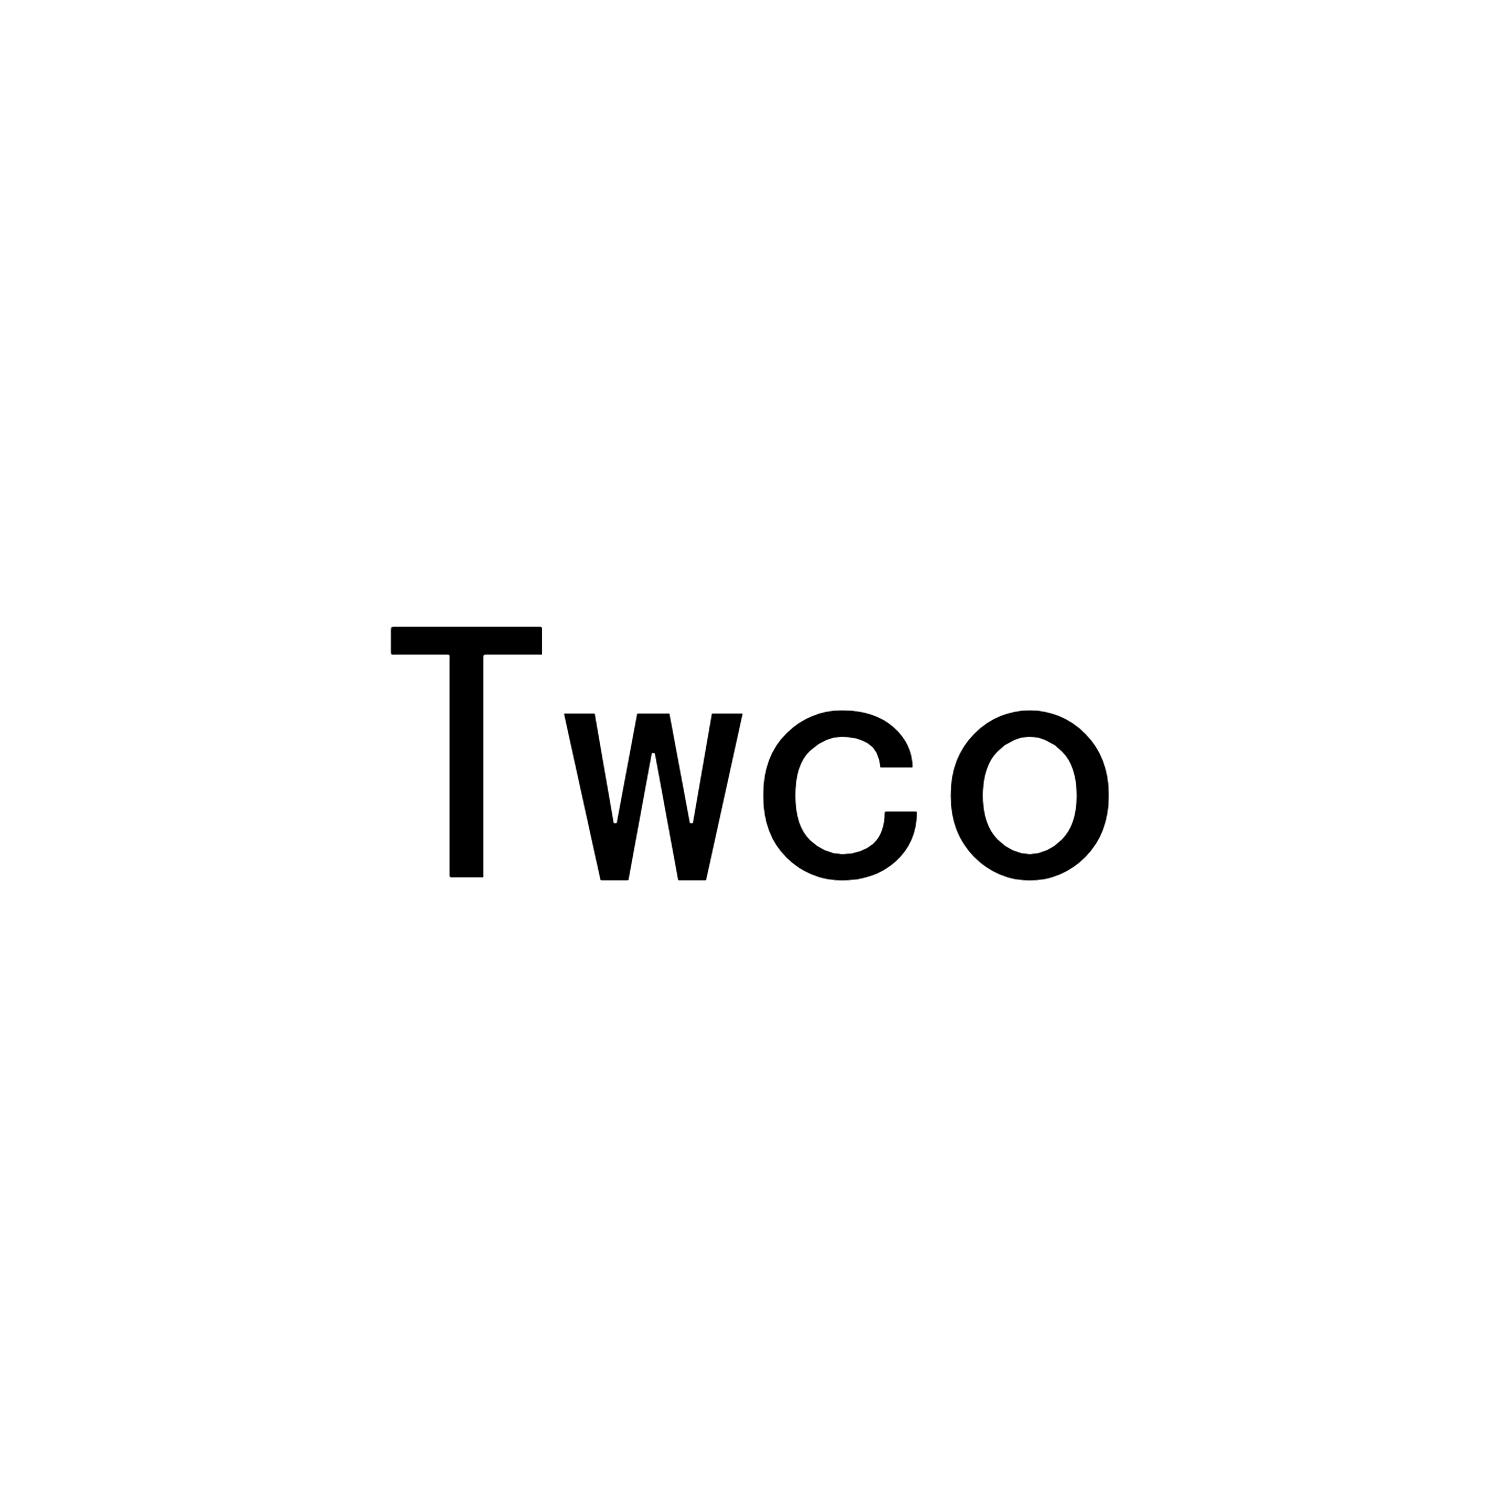 TWCO
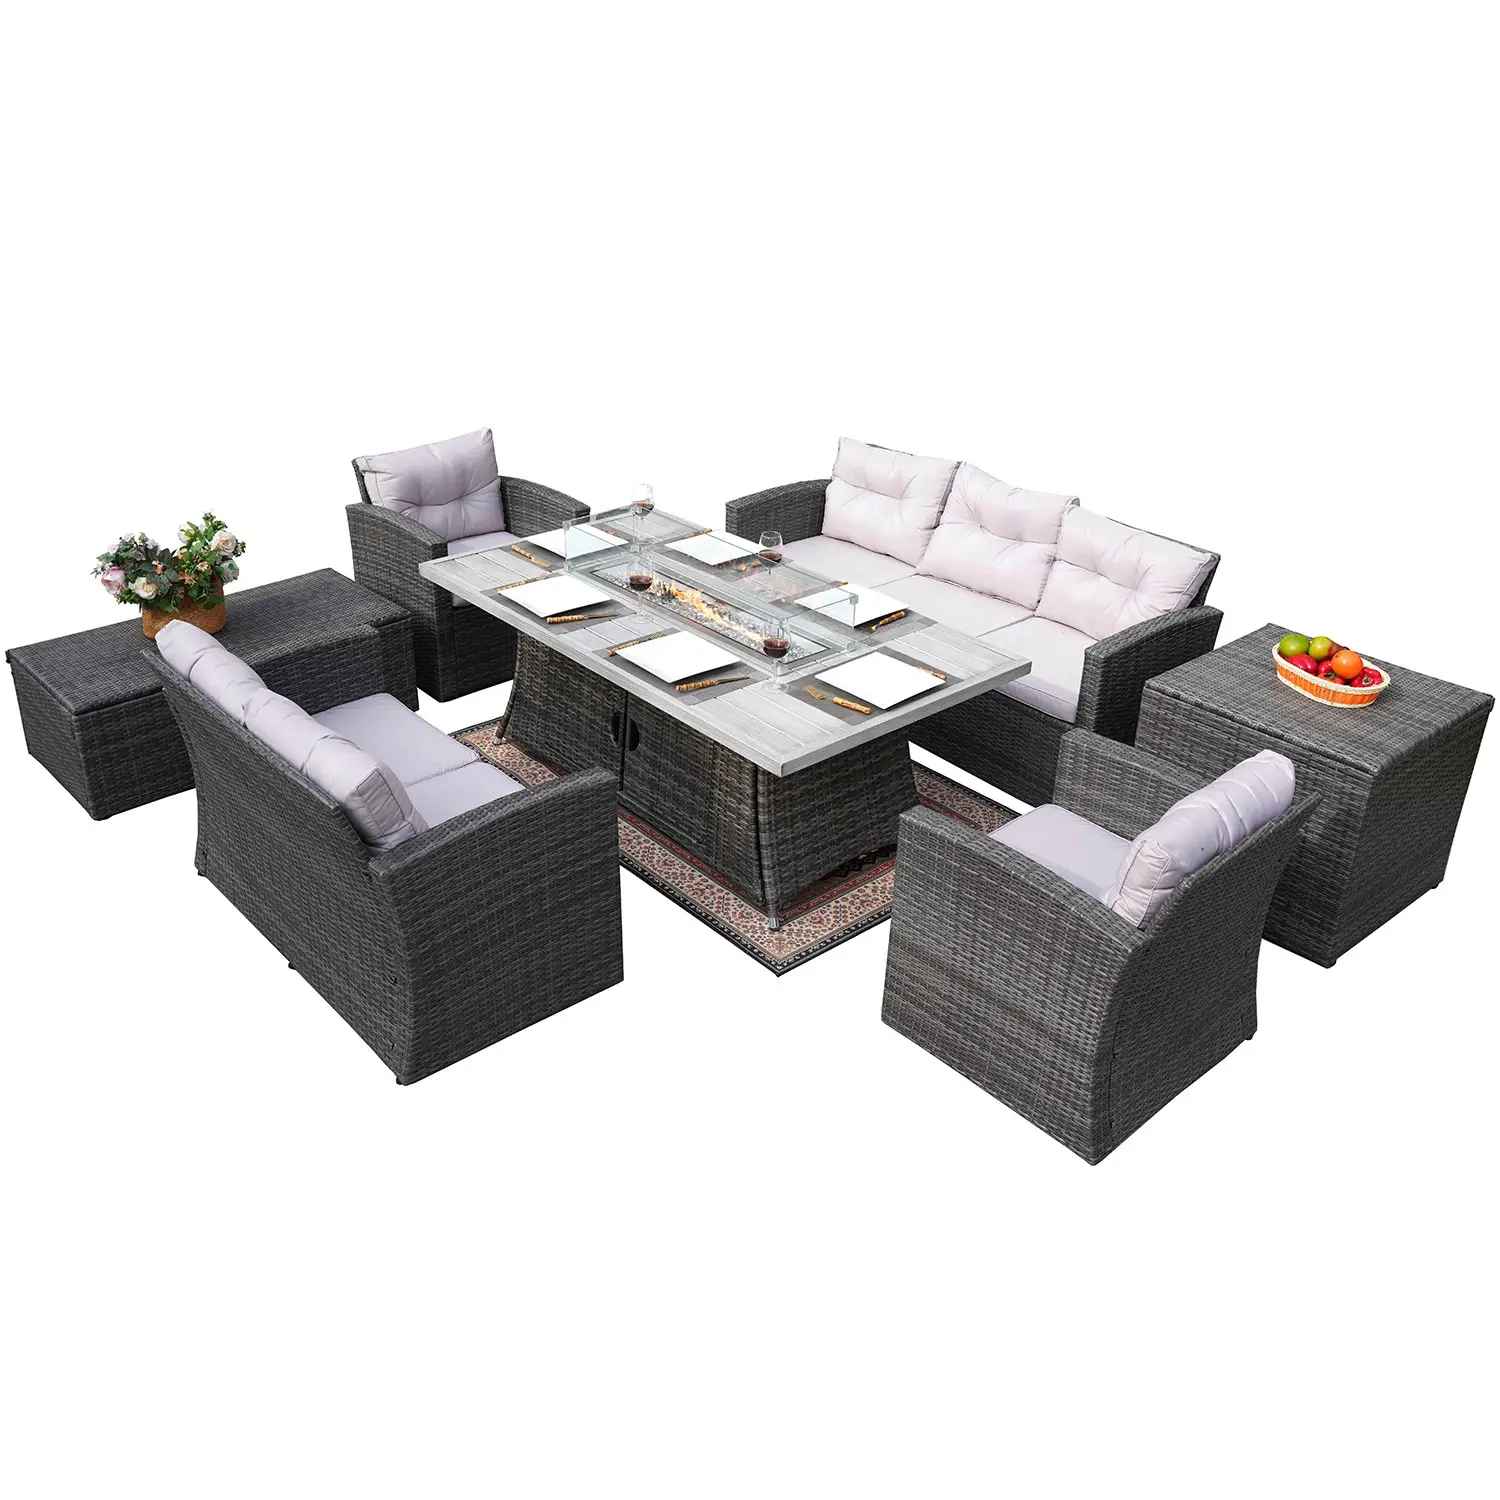 長方形ファイヤーピットテーブル付き高品質屋外籐ソファセットガーデンソファ籐家具
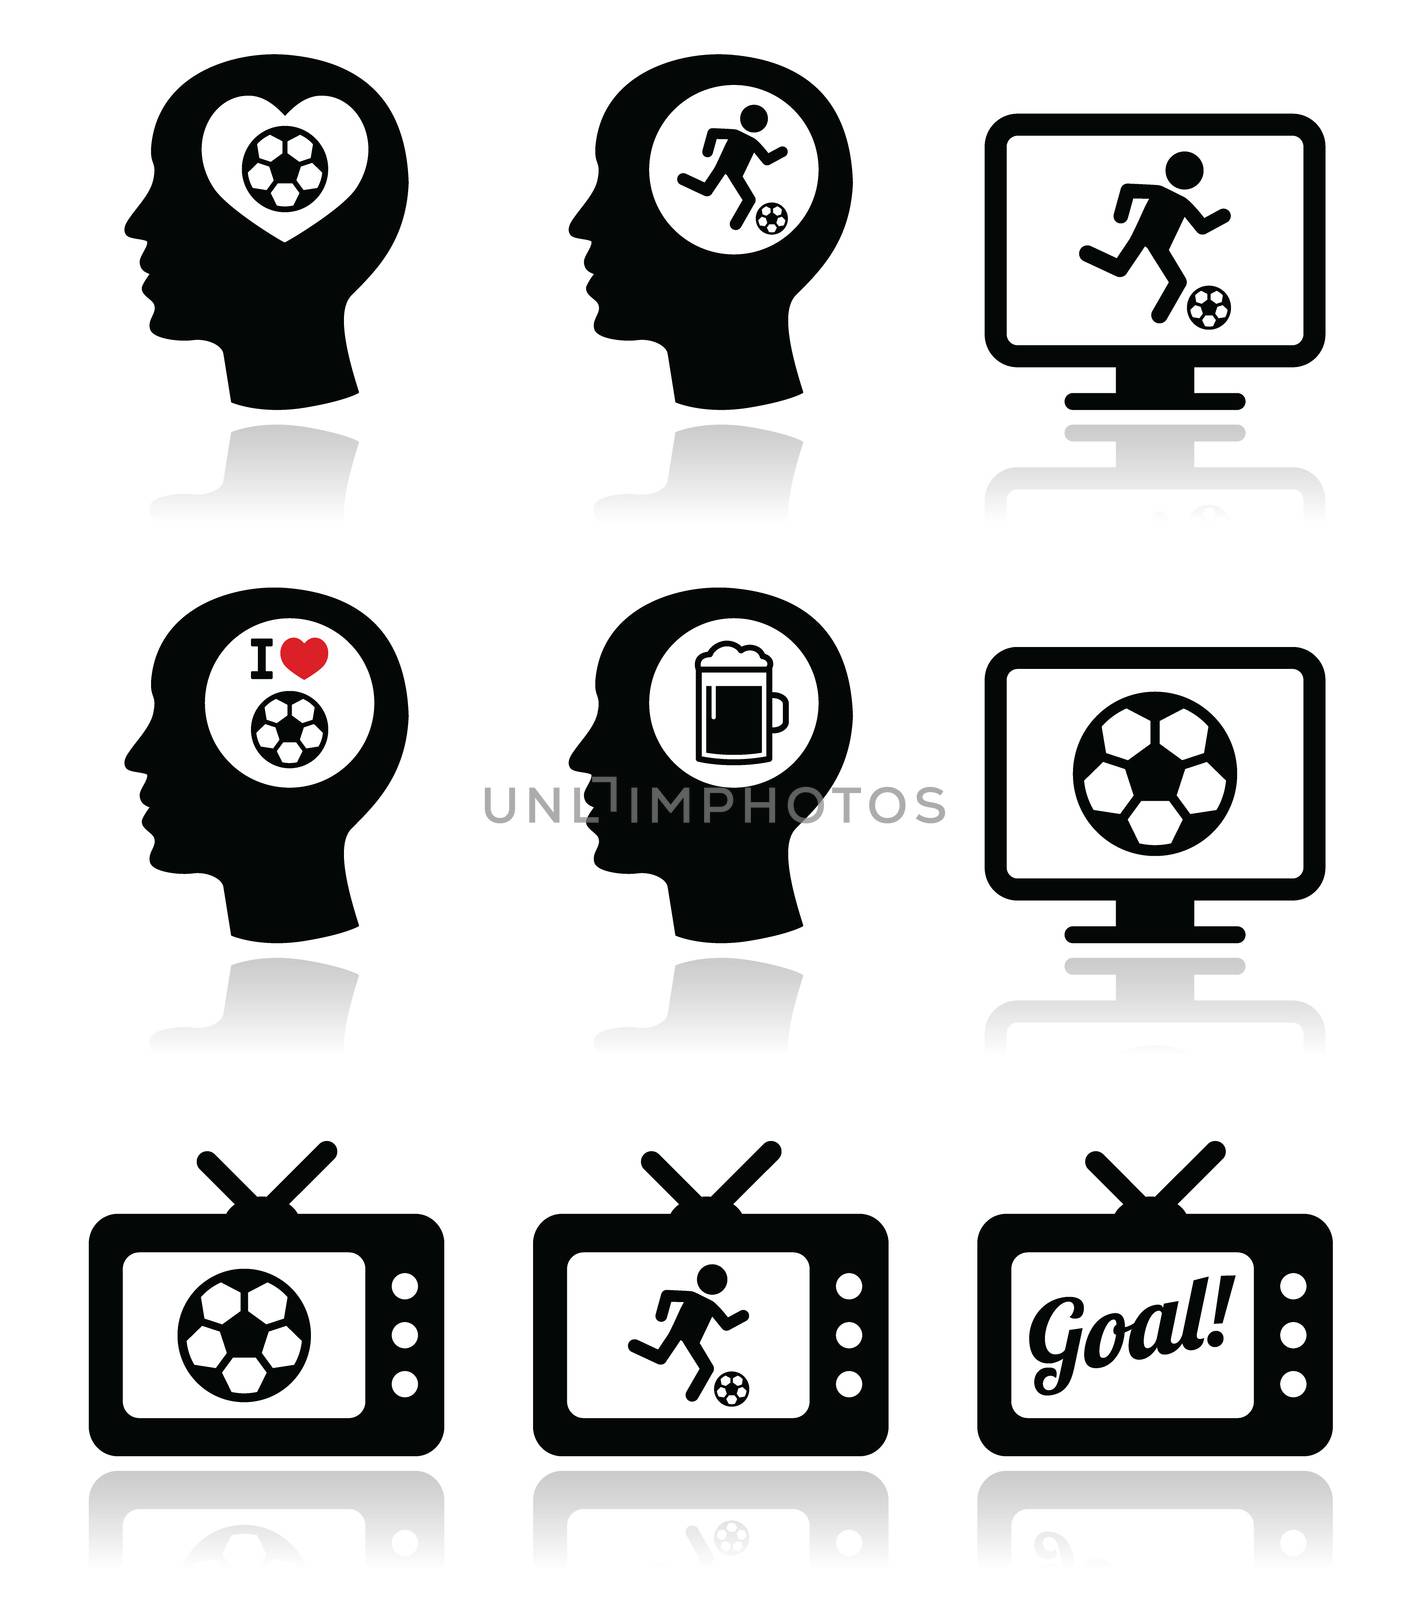 Man loving football or soccer icons set by RedKoala

Task description.
Before copying the material, set its pictures aside; then transcribe it word for word.

Result.
 TWCO
 長方形ファイヤーピットテーブル付き高品質屋外籐ソファセットガーデンソファ籐家具
 Man loving football or soccer icons set by RedKoala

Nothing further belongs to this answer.